We can apply the dramatic imagery not only to people, but to the policies and global forces that are destructive to societies and to the planet, and yet we insist that God’s goodness and justice is always present.

Psalm 60
God seems to have abandoned us, and we are being defeated even though God claimed for us the territory of all our tribes. We pray that God will turn things around and do great deeds through us.

This psalm can easily be applied to the threat of destruction of the planet in our day, but we will continue to insist that God’s goodness and care is supreme over all the forces of evil.

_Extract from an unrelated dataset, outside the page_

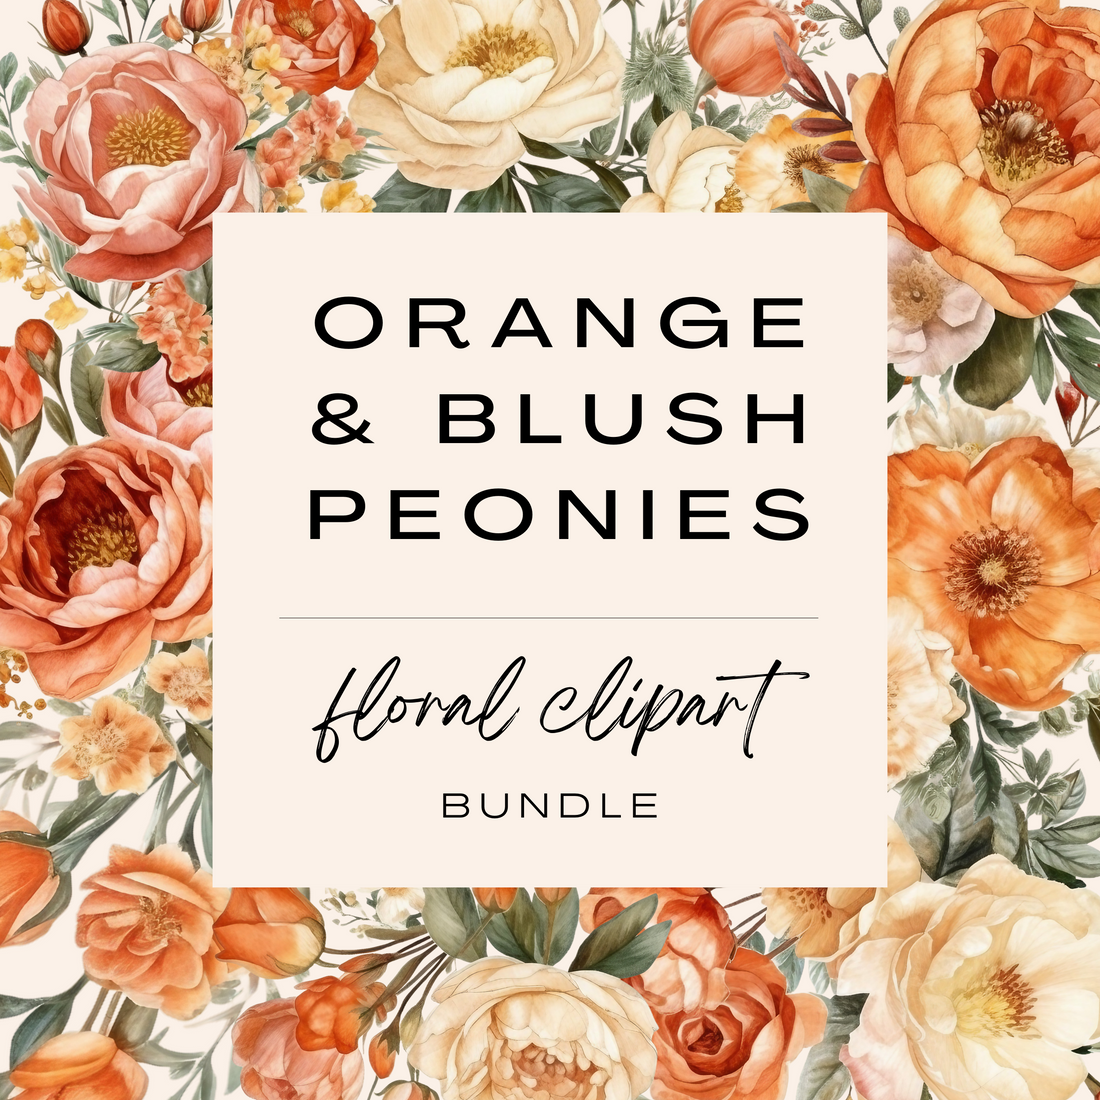 Orange &amp; Blush Peony Clipart Bundle (Commercial Use)

Exodus 34.1-17                           What’s Exodus about?
The breaking of the first stone commandments symbolized the people’s breaking of God’s covenant to live in justice. However, God’s faithfulness to the people is shown by God giving a second set of stones with the commandments written on them, thus showing God’s over-riding compassion to thousands of generations. It’s not that there aren’t consequences for exploiting others, but the consequences will last only a short time—just a couple of generations.

When they reach the land God will give them, God warns against abandoning justice as their central loyalty. By joining the religions there dedicated to greed and terror (as the Israelites understood them to be), the people will put themselves in great danger. The same can be seen to be true in our time—religious practices, even Christian versions, that make power and oppression a priority have the potential to wreck havoc on the world.

Matthew 5.21-26                           What’s Matthew about?
Matthew understands that Jesus, giving us commandments on a mountain (the “sermon on the mount”), is calling us to an even higher level of justice than the Ten Commandments did—justice is to be the basis of our motivations as well as our outward actions. The dramatic punishments for not being just in motivation were not intended to be taken literally, but to illustrate how deeply we are to be as committed to justice in our relationships with others as if the consequences of not doing so were literally going to be like being in prison for life. Which is what following injustice does to us.
To claim, by the symbolism of the “mount” that Jesus was improving on the Ten Commandments, was a radical and perhaps even dangerous stance for the early Christians.

This week’s collect:

O God of peace,
who brought again from the dead our Lord Jesus Christ,
that great shepherd of the sheep,
by the blood of the eternal covenant,
make us perfect in every good work to do your will,
and work in us that which is well-pleasing in your sight;
through Jesus Christ our Lord. Amen.